C’est même le SEUL moyen je pense.

my 2 cents

La façon dont les humains font de la musique évolue dans le temps. L’humanité est en train de s’harmoniser. Sur toute la planète.

Nos mômes, ils ont pas besoin d’adapter leur pitch en permanence pour survivre à la cacophonie ambiante. Alors ils ont le perfect pitch. Parce qu’ils entendent directement la musique.

Pour nous, les plus vieux, perfect pitch… ça aurait été un frein je pense. On avait seulement besoin d’une musique approximative… on était occupé par la révolution industrielle, le bruit des usines, des voitures, des tronçonneuses, des marteau piqueurs, des fusils, des canons, des bombes, des grenades, des avions…

Pour survivre à ça… nos oreilles… ils fallaient qu’elles nous aident à relativiser. En permanence. Alors elles ont abandonné le perfect pitch.

Mais c’est fini maintenant. On a plus besoin de canons, d’avions, d’usines, de tronçonneuse, de marteaux-piqueurs. Ce qui avait besoin d’être construit l’a été. On a l’internet et toutes les technologies nécessaires pour s’installer dans l’ère de la coopération… avec les 10 milliards autres humains…

On peut démonter les échaffaudages, arrêter l’escalavage salarial et revenir à nos moutons. Les prochaines décénies, on a besoin de les passer à reconstruire du lien social, à jardiner la résilience et l’autonomie alimentaire. Et à faire de la VRAIE musique. Chez nous, entre voisins. Avec nos enfants, nos vieux, nos malades…

Le DUALO, il sert à ça. A rééduquer les oreilles fatiguées des vieux occidentaux pour reconquérir le perfect pitch…

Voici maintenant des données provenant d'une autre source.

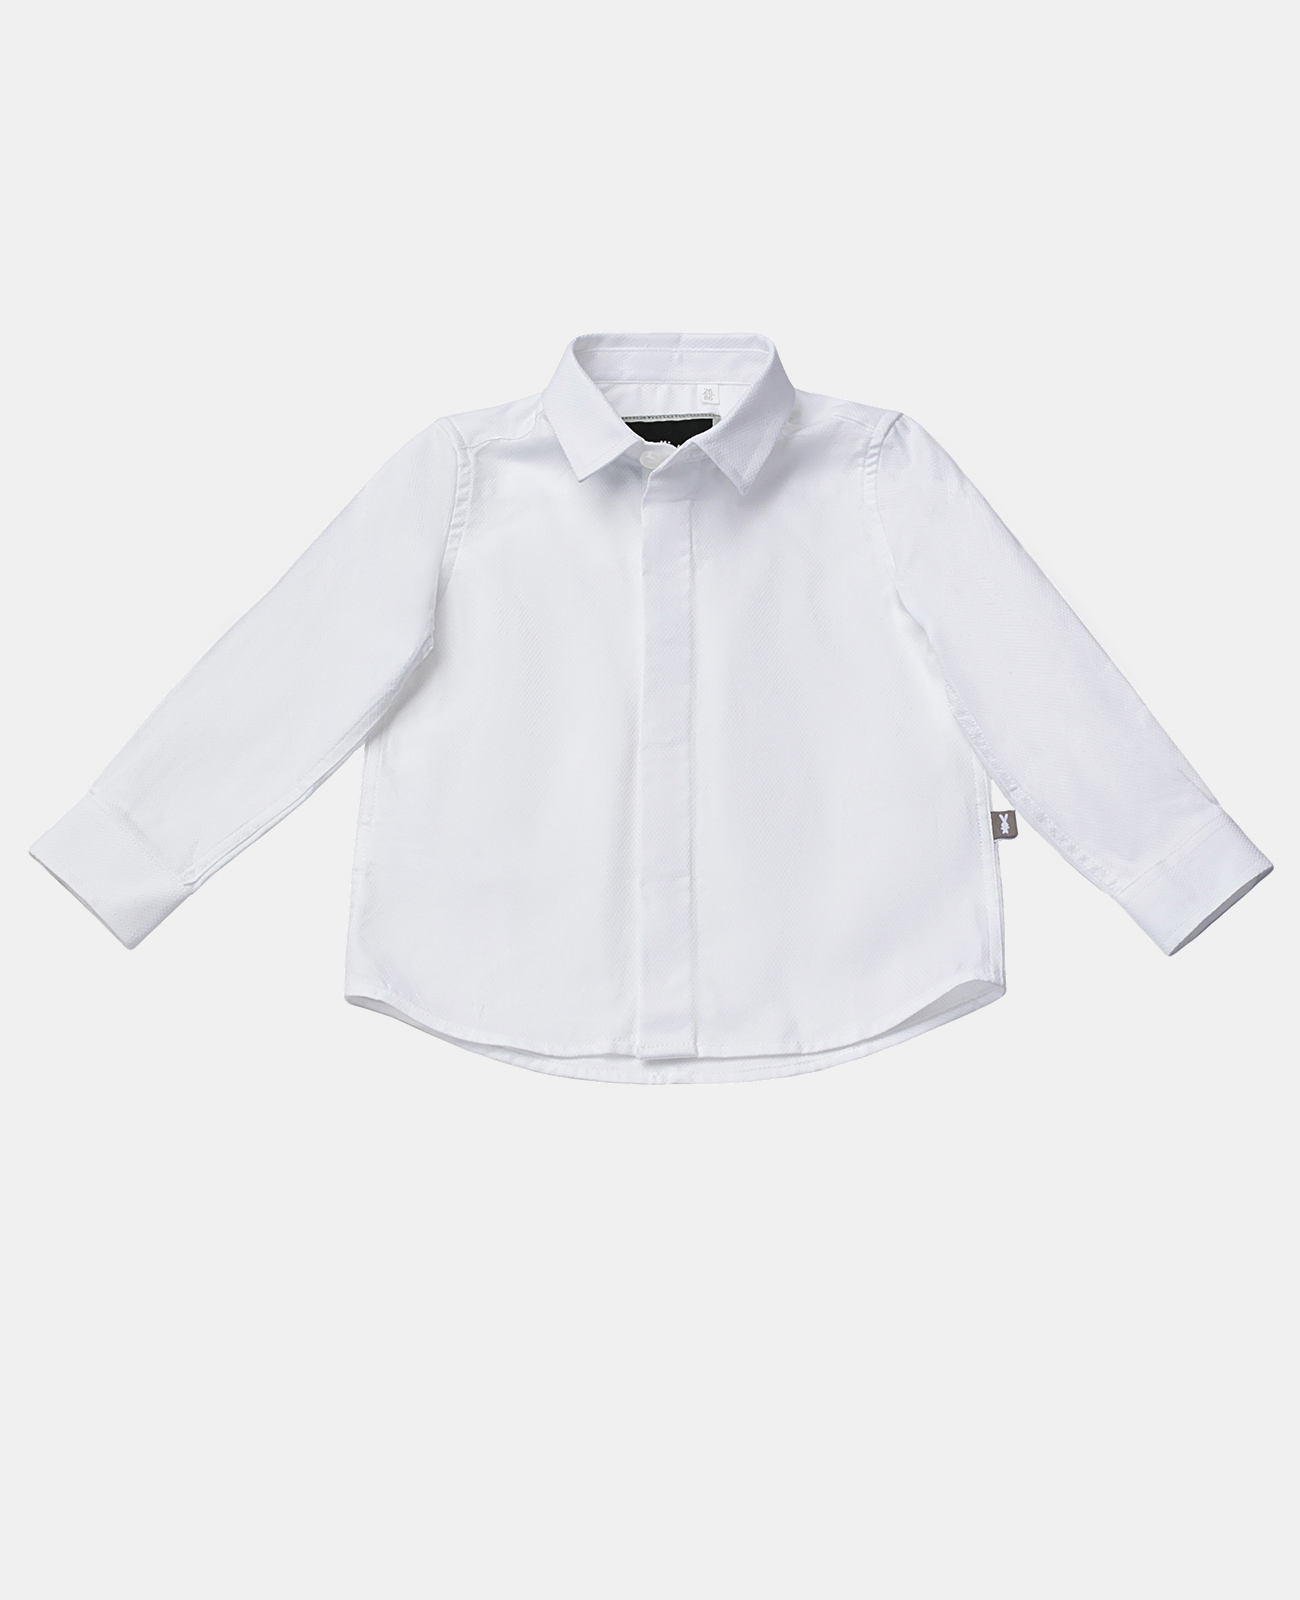 Купить 120GPBBC2301, Белая рубашка Gulliver, Gulliver Baby, белый, 92, Мужской, ОСЕНЬ/ЗИМА 2020-2021 (shop: GulliverMarket Gulliver Market)

Let Jacob Collier show us the way
And Ben Glover and Mac Phee show us how…

Dans l’immédiat, nous les vieux occidentaux, on a besoin du dualo… pour (ré)apprendre à jouer des instruments accoustiques… et puis à terme, on aura même plus besoin d’instruments pour faire de la musique… on fera la musique comme et avec les oiseaux… et les baleines, les dauphins, les arbres et les coquelicots…

Il y aura t’un jardin qu’on appellera la terre…

oh :heart_eyes:

ça m’avait échappé à la 1ère, 2ème et 3ème lecture…
musiquer…
c’est vraiment très joli comme verbe

il nous manquait ce verbe là
c’est ta trouvaille?

Musiquer… c’est joli comme ouïr… au présent…

Marc Vella il fait remarquer que jouï… c’est le passé simple du verbe ouïr… à la première personne du singulier…

Au présent on dit j’oie ^^

Non. Ça existe en français depuis bien longtemps. Gilbert Rouget l’a utilisé dans La musique et la transe. En anglais, c’est Christopher Small qui est connu pour Musicking (qui existait aussi en anglais depuis des lustres).
J’en parlais il y a quelques années dans un article anthropologique sur le bricolage sonore.